I'm looking for a good approximation of the following sum: $$\sum_{n\leq x}\omega\left(n\right)$$ where $n$ is odd.
On the wikipedia page for the prime omega function, there is a section called: Example I: A modified summatory function. In that section there is that formula:
$$ S_{odd}\left(x\right)=\frac{x}{2}\log\log x+\frac{\left(2B_{1}-1\right)x}{4}+\left\{ \frac{x}{4}\right\} -\left[x\equiv2,3\mod4\right]_{\delta}+O\left(\frac{x}{\log x}\right) $$
If I read correctly, I think this is exactly what I need, but there are some parts I don't understand.

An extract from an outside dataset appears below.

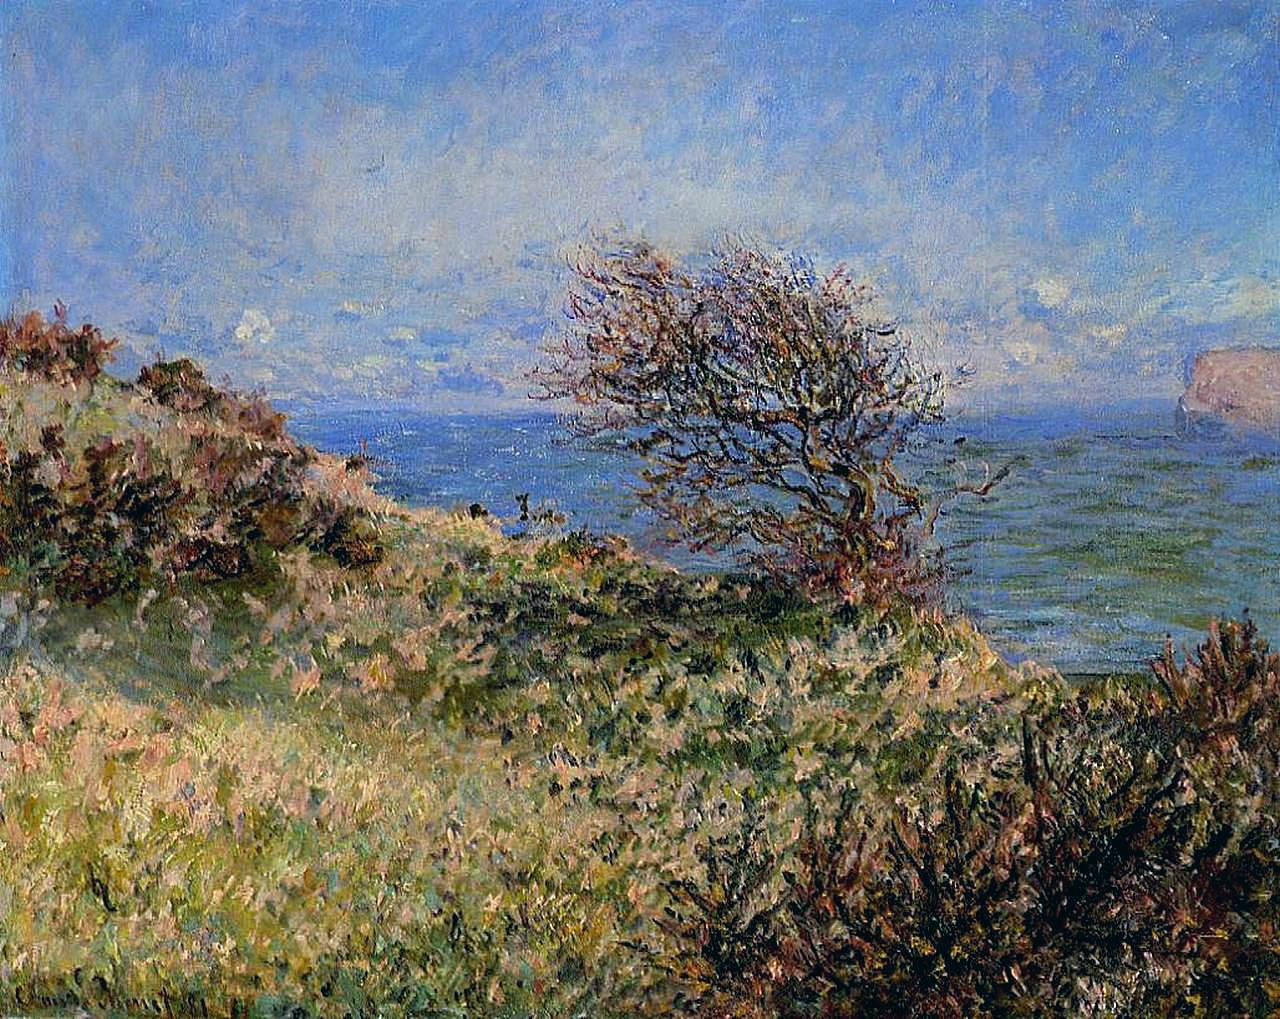 южные пейзажи < На утёсе в Фекаме >:: Клод Моне, описание картины - Моне Клод (Claude Monet) фото

When I use only the first 2 terms, I already get a good approximation, but I would like if someone could explain these: $$\left\{ \frac{x}{4}\right\} $$ $$\left[x\equiv2,3\mod4\right]_{\delta}$$
$\left\{ \dfrac{x}{4}\right\} =\dfrac{x}{4}\ -\bigg\lfloor\dfrac{x}{4} \bigg\rfloor$ is the fractional part of $\dfrac x4$,
and $\left[x\equiv2,3\mod4\right]_{\delta}$ is the Iverson bracket, which means it is $1$ if $x\equiv 2, 3\bmod 4$, and it is $0$ otherwise.